At the same time, Malevich's squares are twisted into one another, drawing their tension from the indissoluble longing for balanced order and deviation.

The strongest picture in the series, lemon yellow on the inside with a pale green frame, is also the last by the artist and is no longer signed.

The juxtaposition of Höfer’s view of the “Triesen art depot” – which museologists like to call “picture prison” because the paintings are locked on extendable wire mesh – and Giulio Paolini’s “Copia dal vero” from 1976 is peppered with allusions, because both pictures reveal through Conceal: The photograph presents almost exclusively empty frames, some of which are staggered into one another, as abstract rectangular shapes that themselves result in an image similar to that of Mondrian, who is also represented in the show.

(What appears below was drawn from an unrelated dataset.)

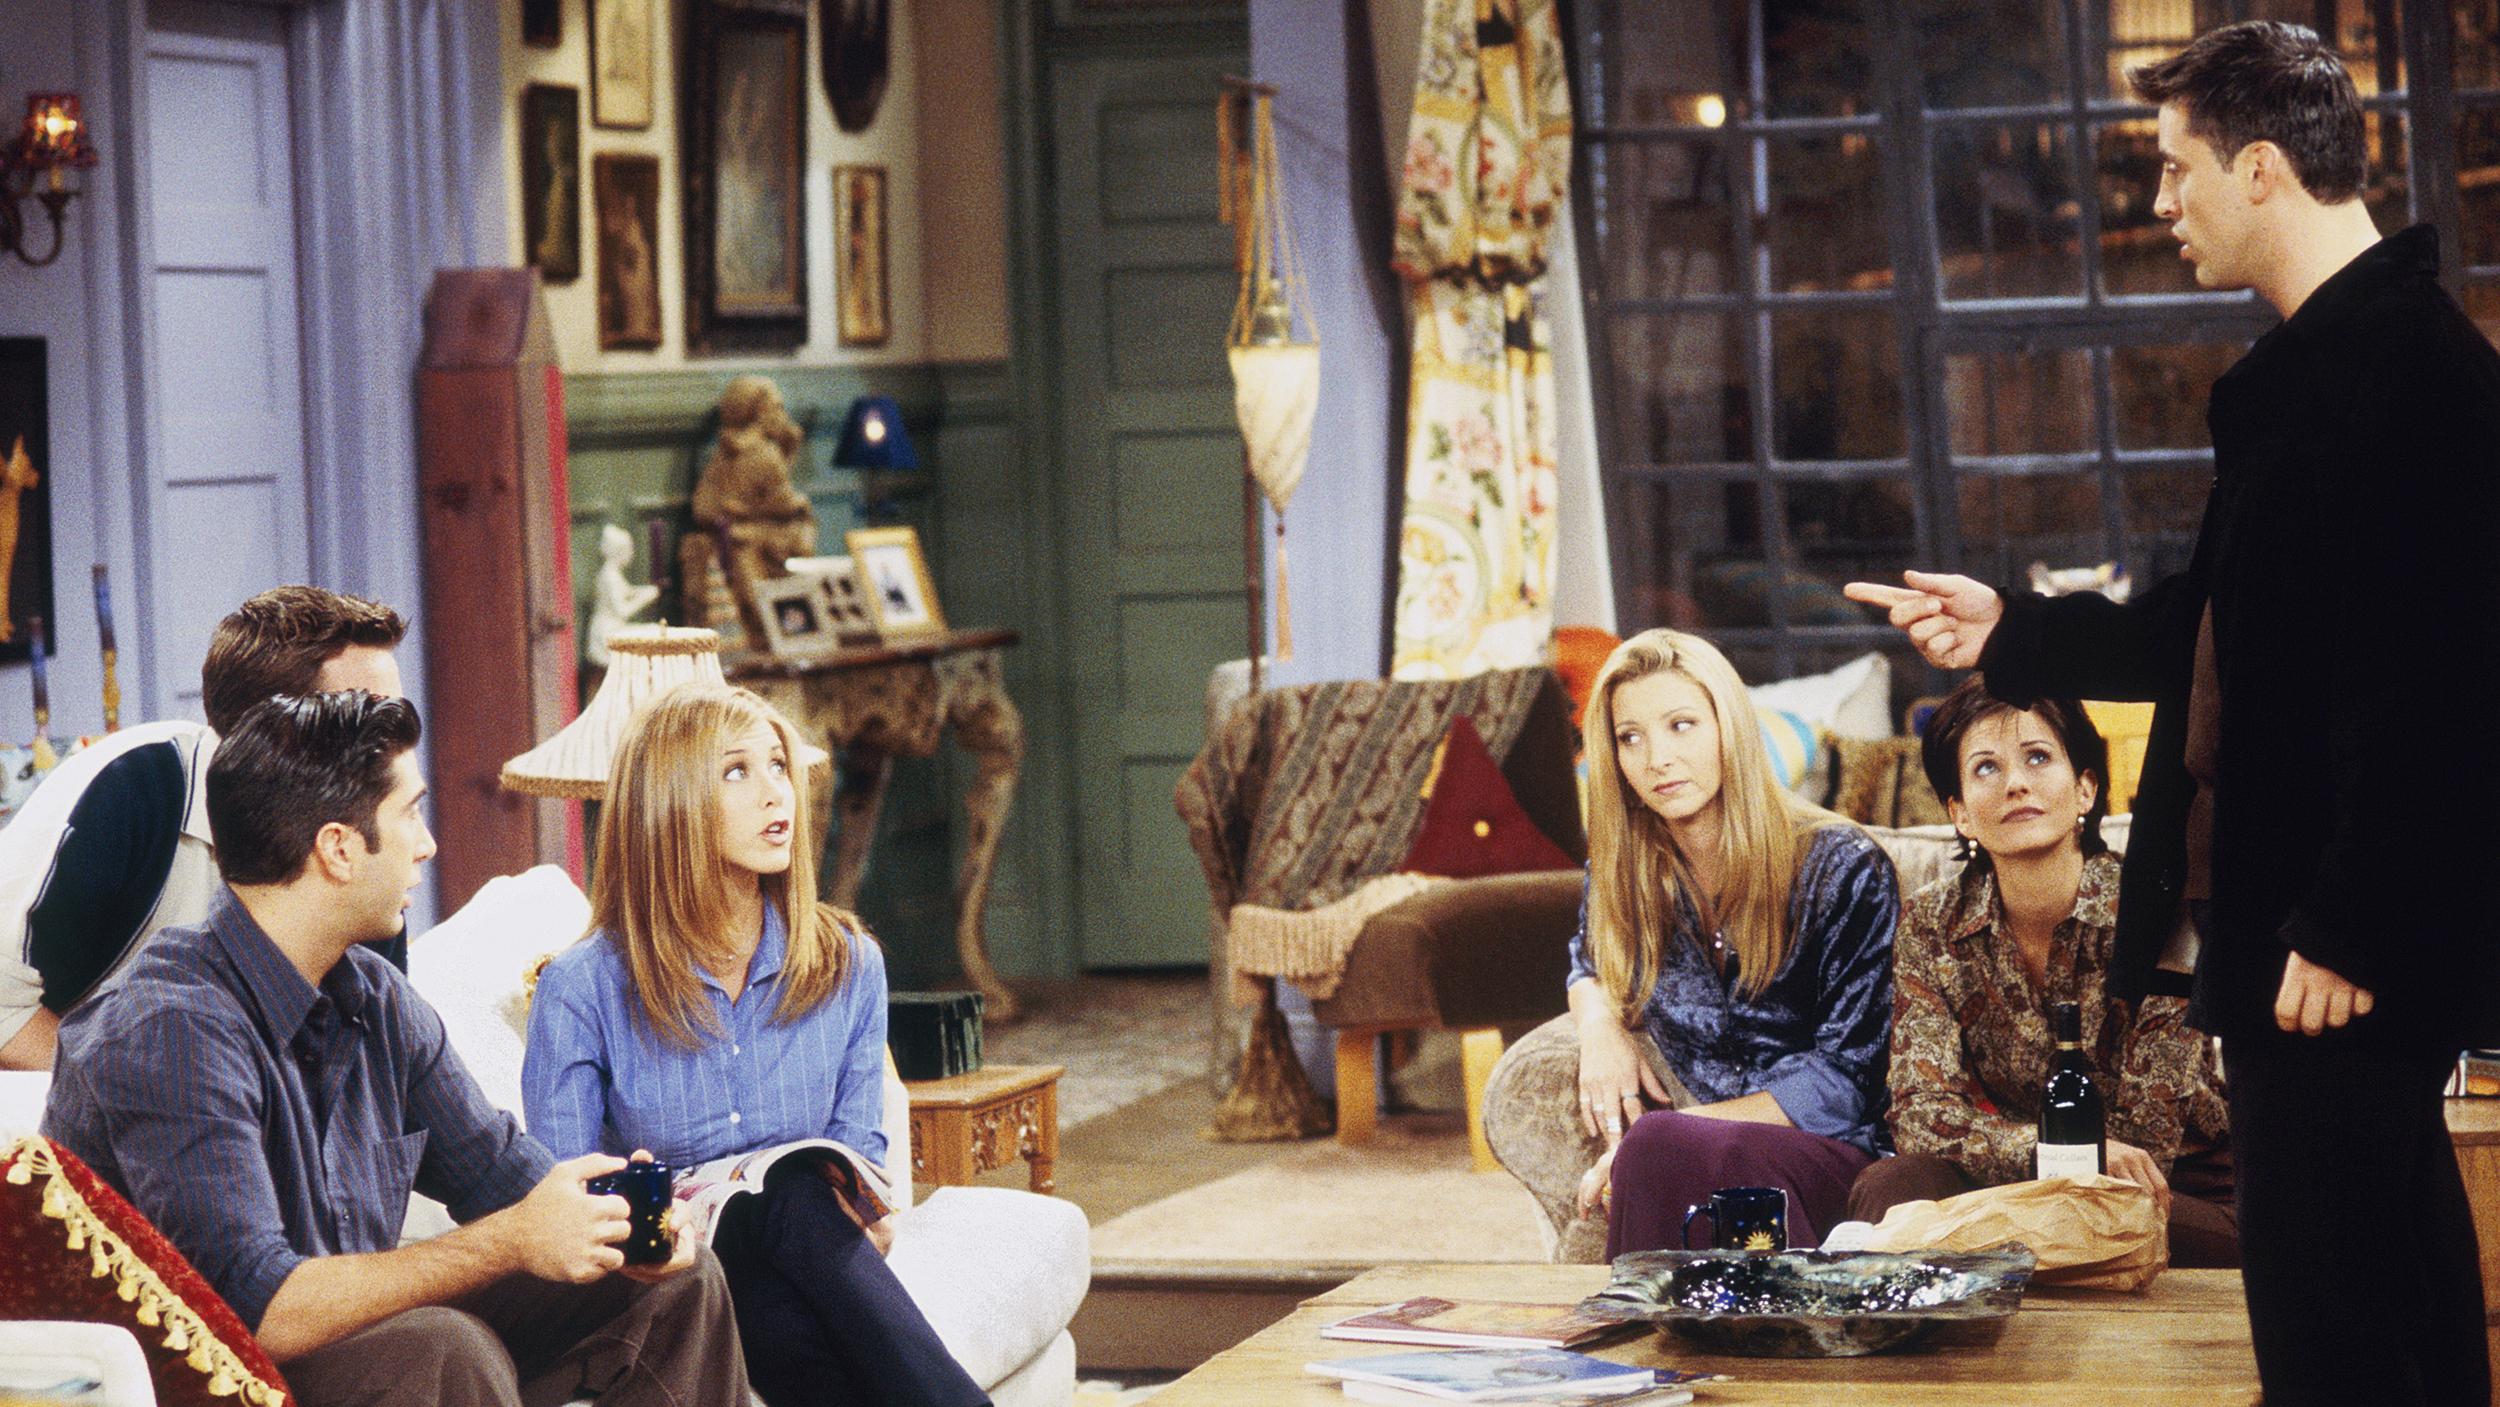 ۱۰ حقیقتی که احتمالا در مورد سریال Friends نمیدانستید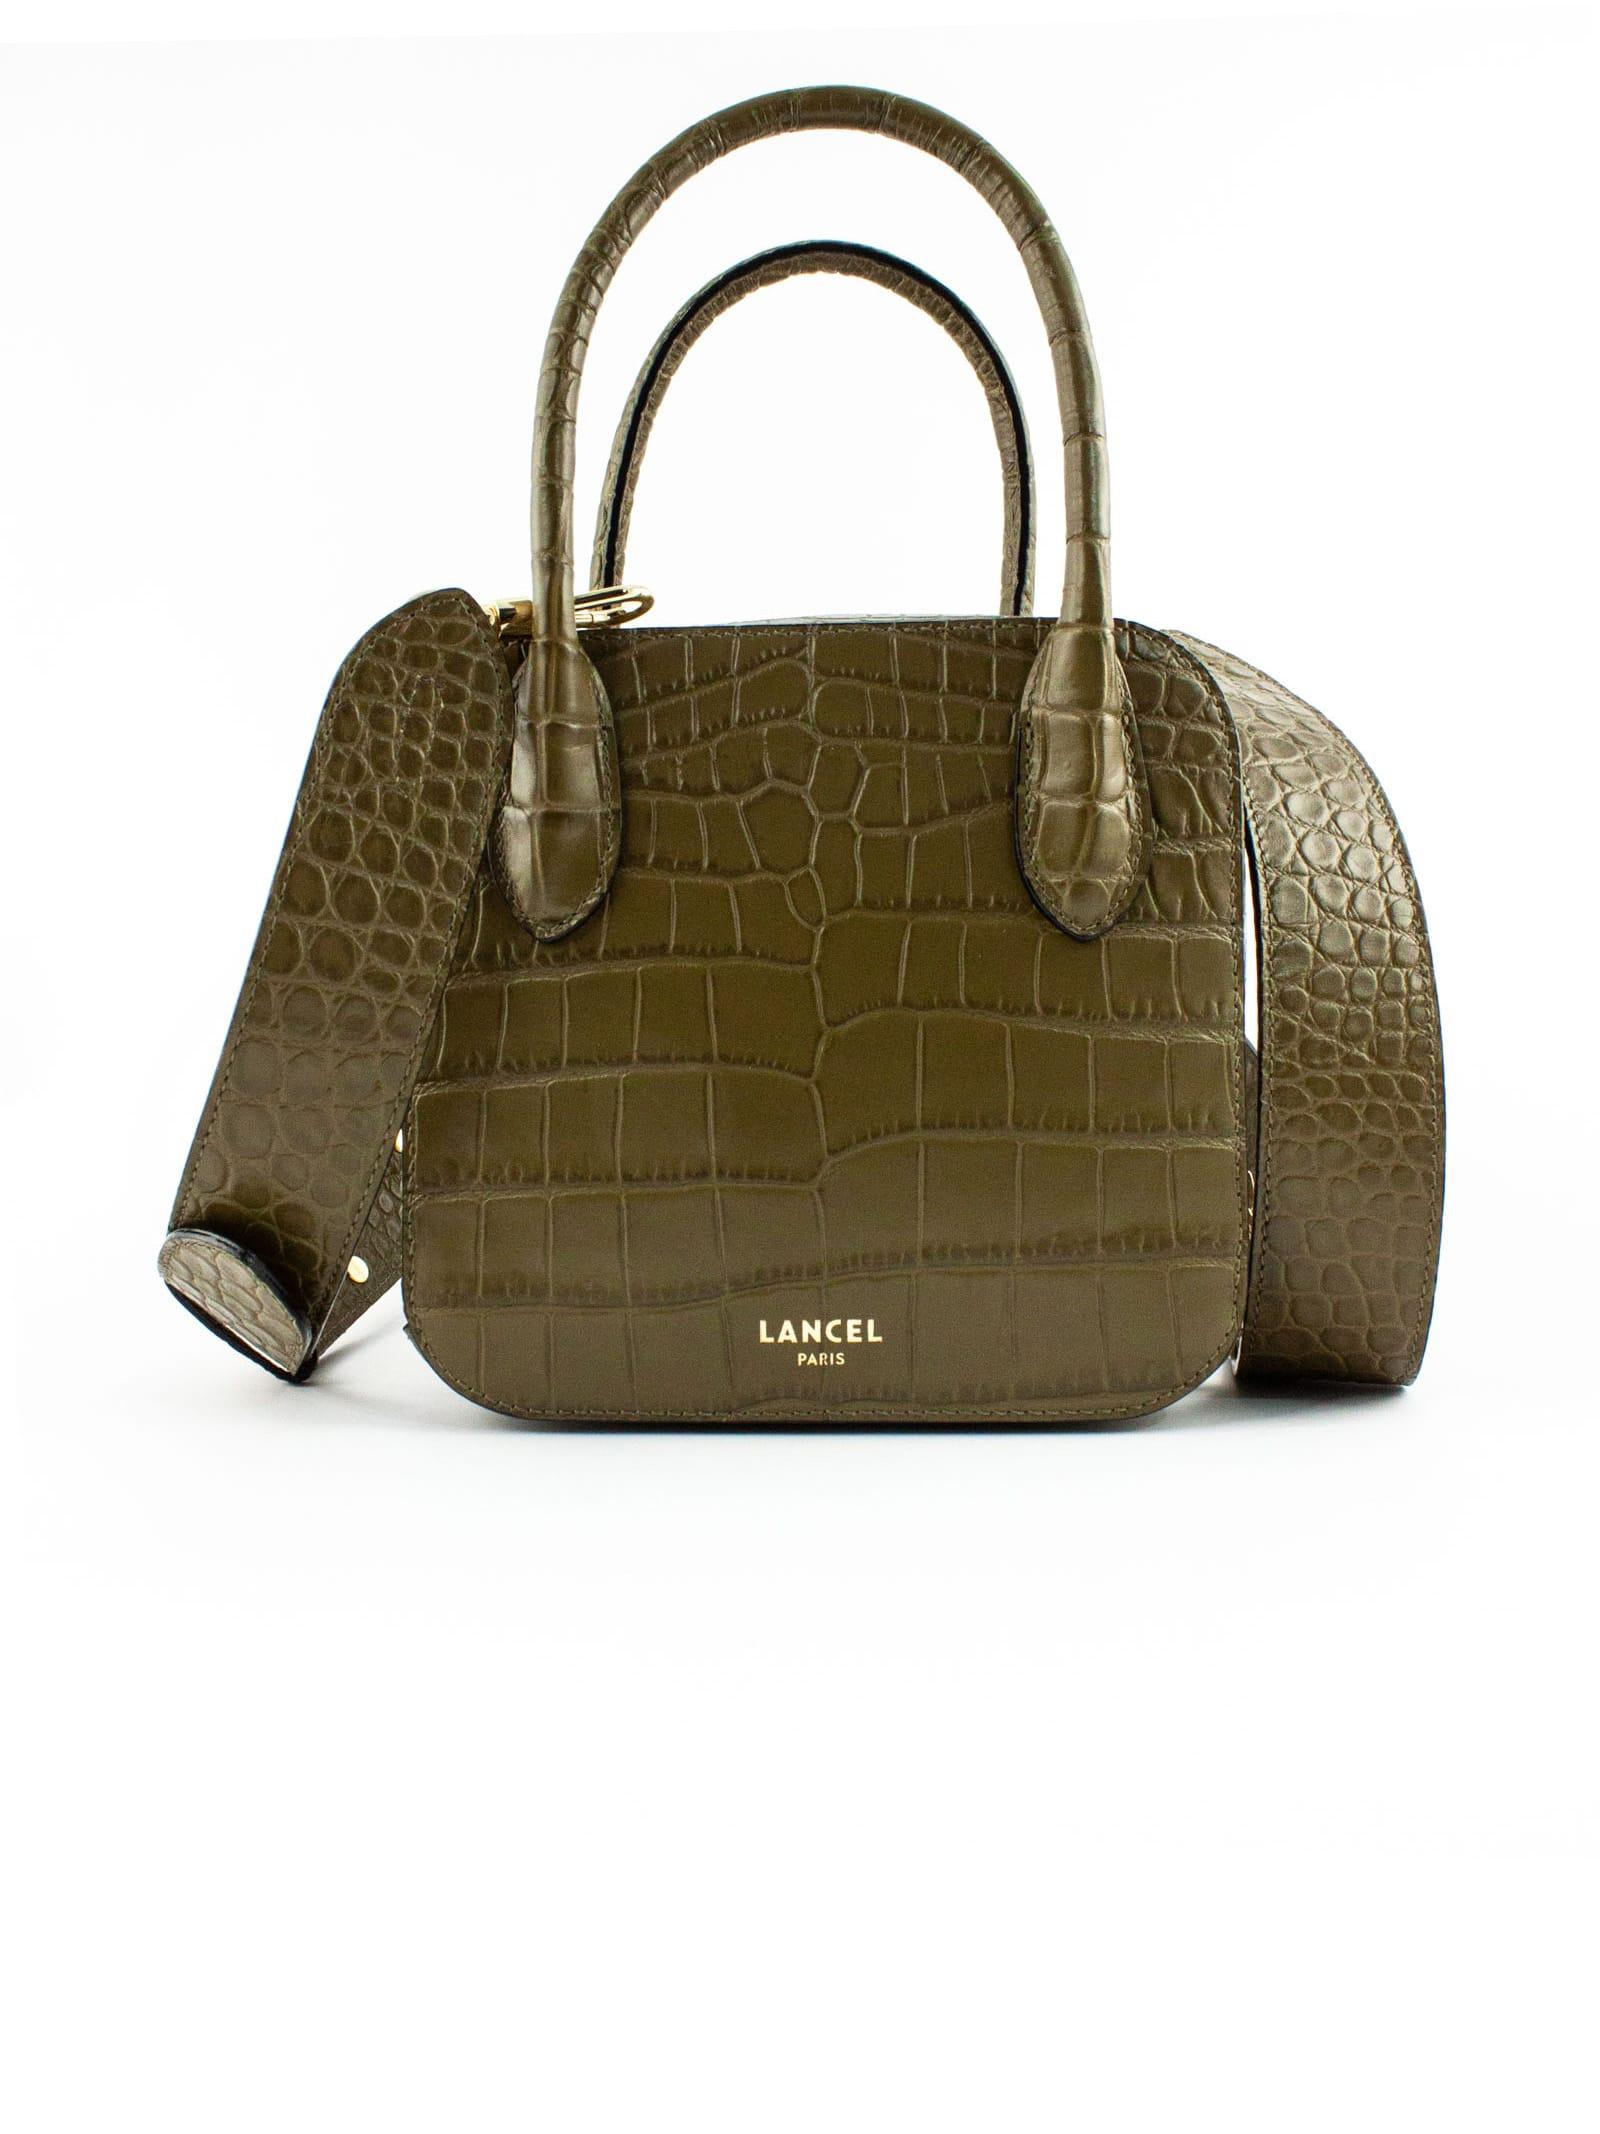 Shiny Crocodile-style Khaki Leather Handbag

On the other hand, the opposite work by Paolini, to be translated “After Life” or “Copy of the True”, opens up a vertical, rectangular canvas picture in a medieval triptych form,

inverting the center panel, revealing the stretcher and unprimed dark canvas as the paint-inhaling 'inside' of the picture, while the side wings reveal the smooth white primed exterior.

Inside the central part, however, floats a flawless, pure white canvas, which the painter interlocks with the side parts like hinges through shadowy graphite hatchings - the outside world of the inside world of the outside world, so to speak, which Paolini here in the typical seventies style of the painful questioning of the picture and M. -C.-Escher-haft unfolds forever.